O Brasil, no entanto, não é o único caloteiro, embora seja um dos maiores – só os Estados Unidos devem mais que o Brasil ao sistema das Nações Unidas. Com uma diferença: enquanto os norte-americanos já demonstraram em várias ocasiões que podem e vão agir à revelia da ONU (e, no caso da Unesco, interromperam unilateralmente os pagamentos por causa da admissão da Palestina entre seus membros), o Brasil precisa da entidade para suas pretensões de protagonismo internacional.

Ao vexame em escala global causado pelos calotes brasileiros na ONU e no TPI somam-se vários outros pequenos constrangimentos mundo afora. Embaixadas brasileiras em vários continentes – e algumas em países de grande importância, como Estados Unidos, Japão e Portugal – já escreveram ao Itamaraty alertando para o estado de calamidade em que se encontram seus cofres. Algumas representações não conseguem pagar contas básicas, como as de água e energia elétrica, estando sujeitas a cortes. Diplomatas no Benin tiveram de recorrer a velas e banhos de caneca. E o que está em jogo não é apenas a imagem do país, mas principalmente a capacidade de auxiliar brasileiros nessas regiões. A embaixada no Benin, por exemplo, é (ou deveria ser) o porto seguro mais próximo dos compatriotas vítimas de ataques dos jihadistas no vizinho Níger, onde duas igrejas brasileiras e uma escola foram destruídas. Depois da publicação de reportagens sobre a situação das representações diplomáticas, o governo informou que repasses haviam sido feitos.

A penúria de embaixadas e consulados até eclipsa, por alguns momentos, o maior problema da diplomacia brasileira: os critérios ideológicos distorcidos que caracterizaram a atuação externa brasileira nos últimos anos. O país é entusiasta de ditaduras latino-americanas, como a venezuelana e a cubana, e interferiu em assuntos internos de Paraguai e Honduras para defender aliados. No Oriente Médio e na África, o Brasil se absteve em votações contra líderes cujas atrocidades estavam fartamente documentadas – um dos casos mais escabrosos é o do sudanês Omar al-Bashir, que tem mandado de prisão expedido pelo TPI pelos massacres de Darfur: em 2006, o Brasil se absteve em uma votação no Conselho de Direitos Humanos da ONU, recebendo por isso críticas de entidades como a Human Rights Watch e a Anistia Internacional.

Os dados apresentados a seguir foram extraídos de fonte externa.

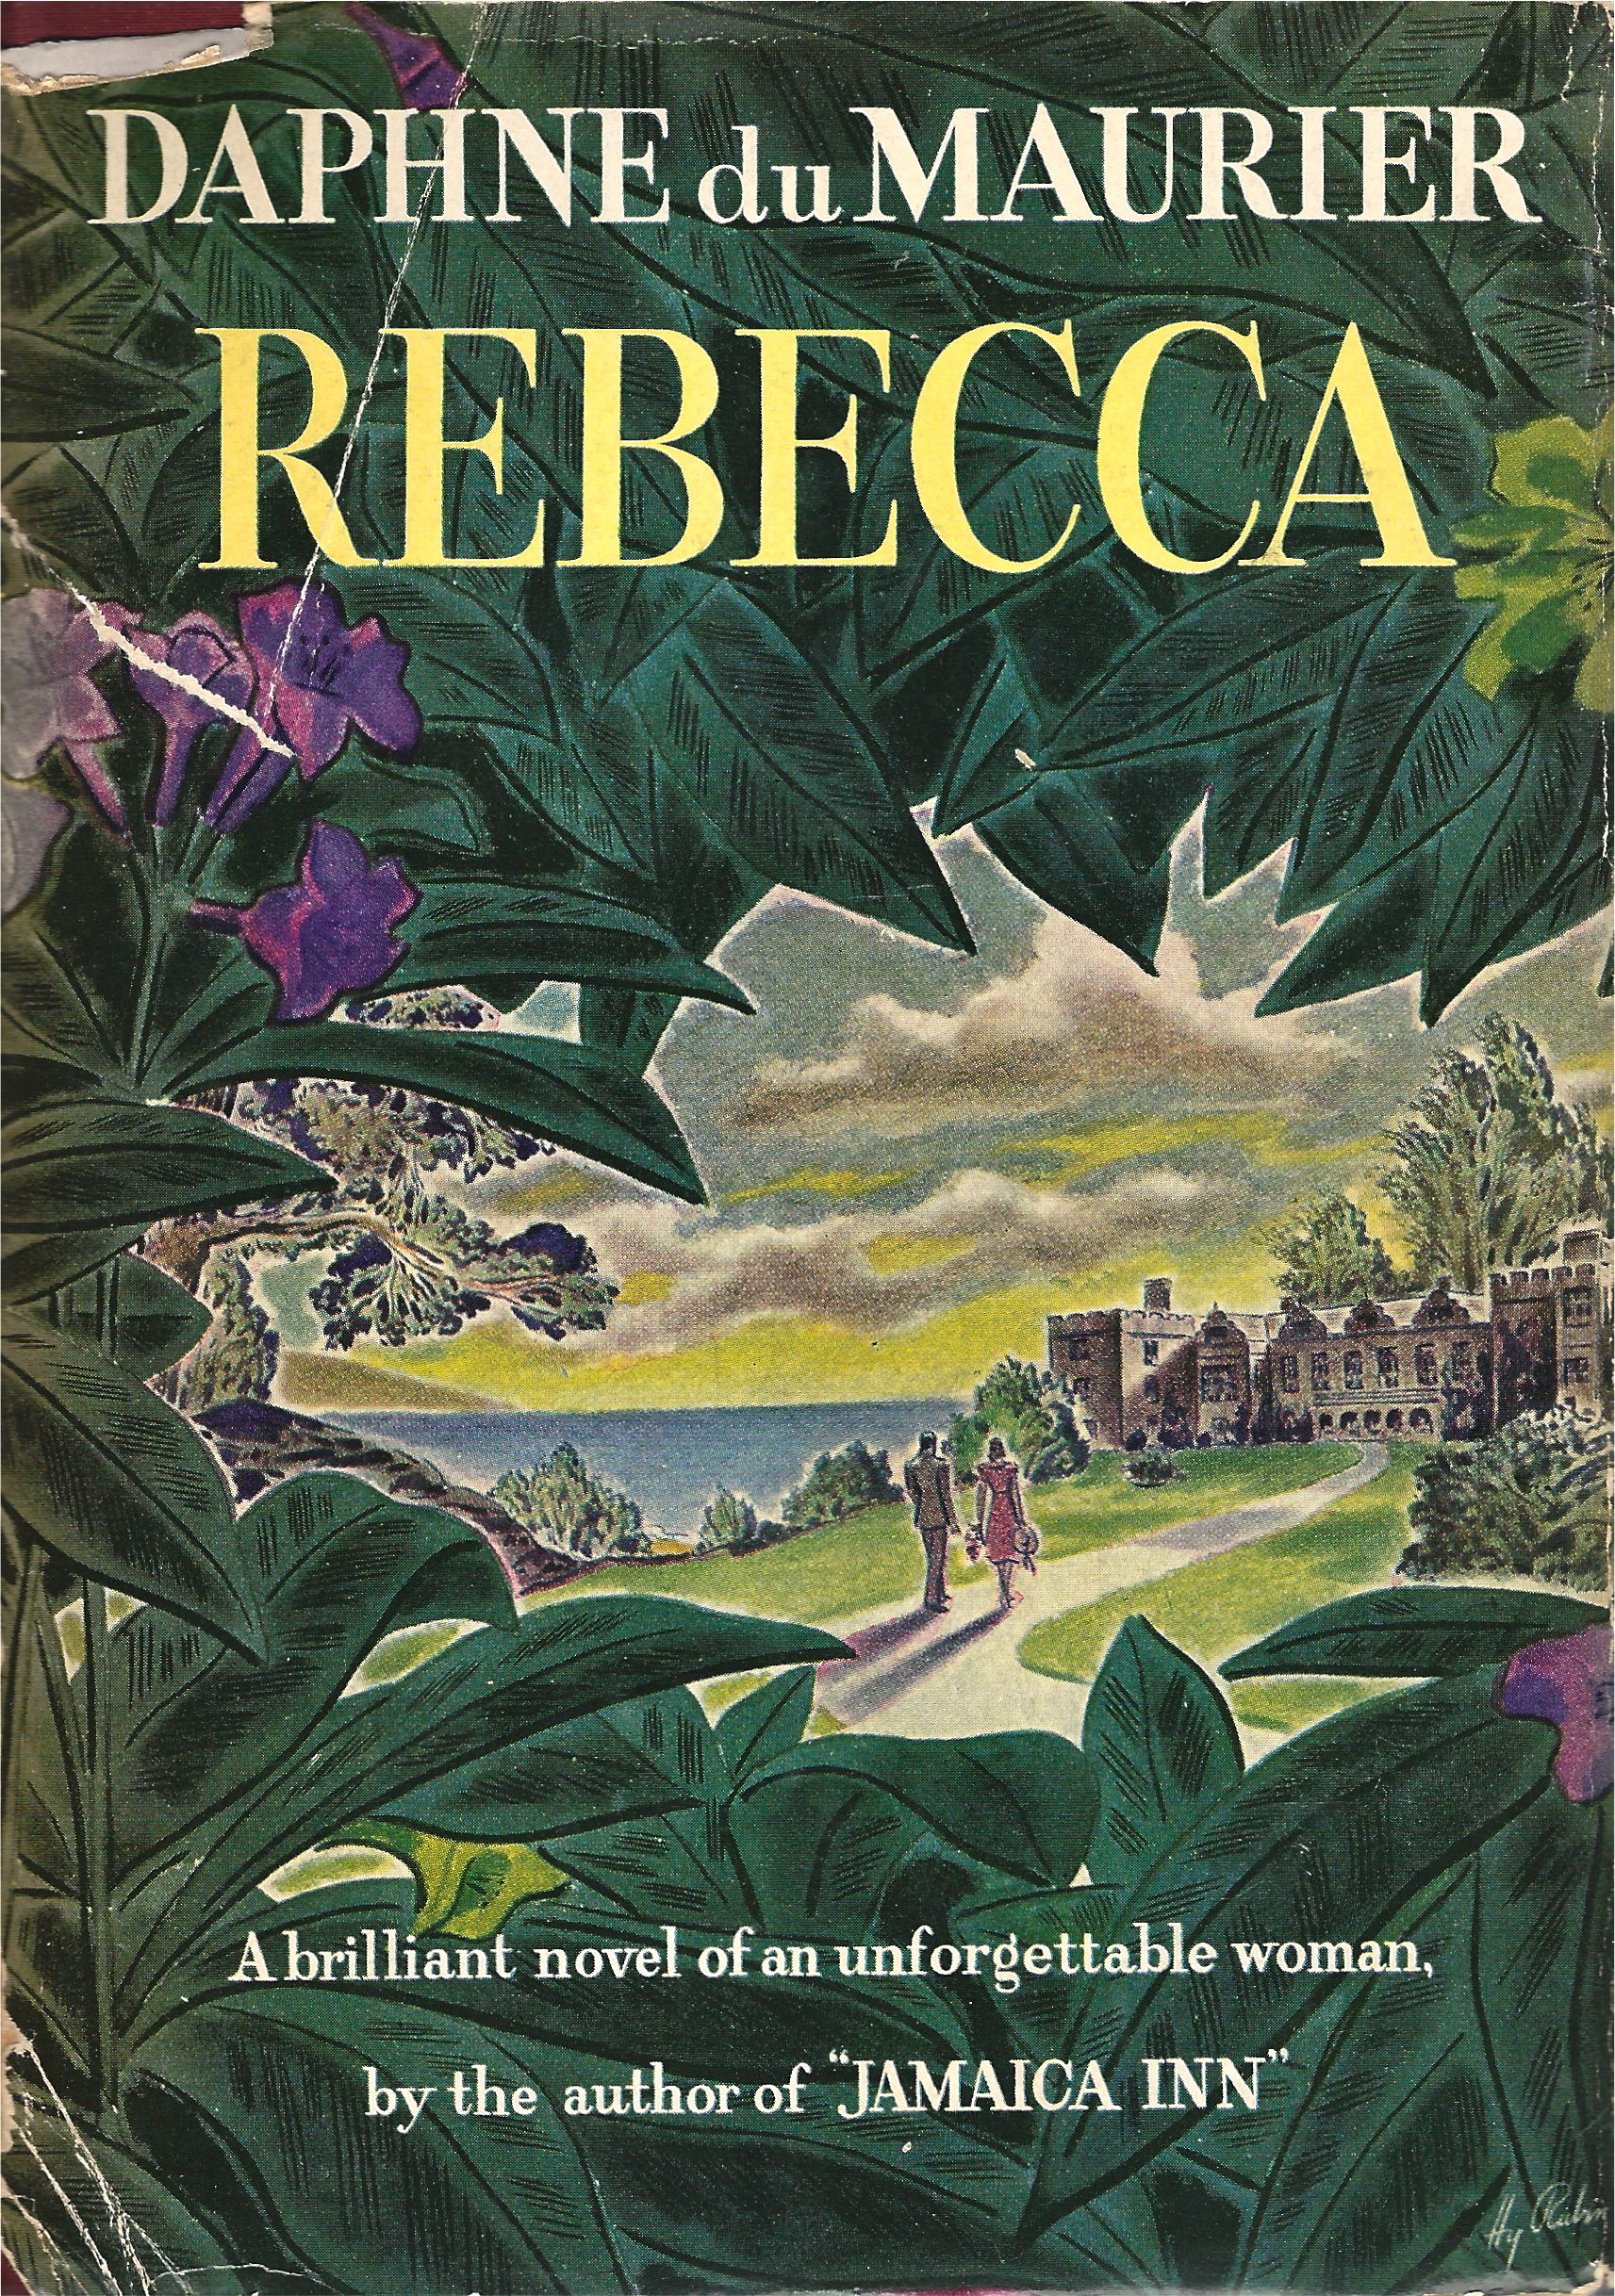 book cover for Rebecca by Daphne du Maurier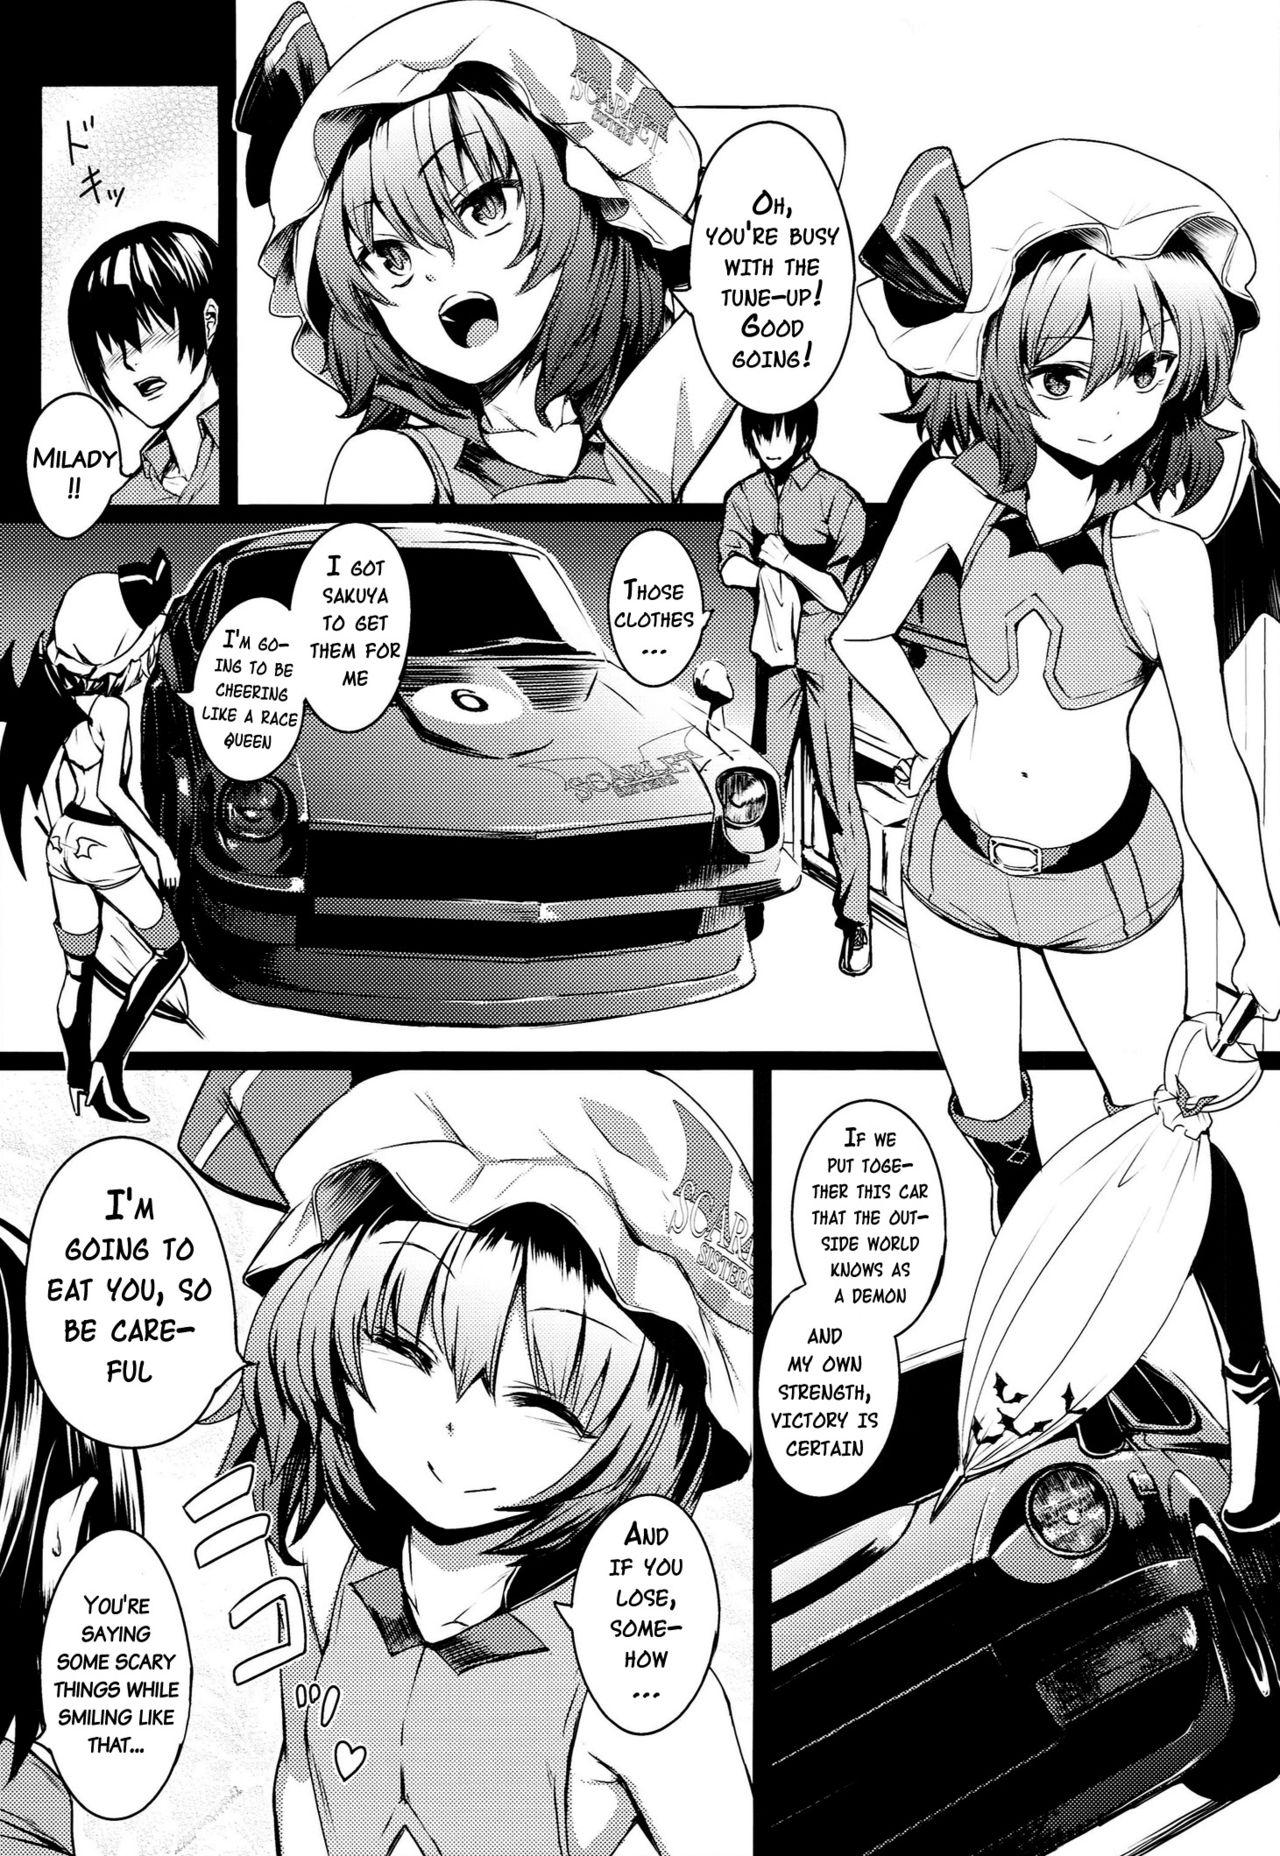 Soapy Massage TOUHOU RACE QUEENS COLLABO CLUB - Touhou project Chilena - Page 4

A integração internacional, tanto por via comercial quanto pela via diplomática, é importante para o desenvolvimento de uma nação. No entanto, o que vemos é um Brasil ainda fechado comercialmente, com uma participação irrisória no comércio mundial, e que descuida de sua diplomacia quando escolhe mal suas alianças e dá vexames como os do TPI e das embaixadas à luz de velas.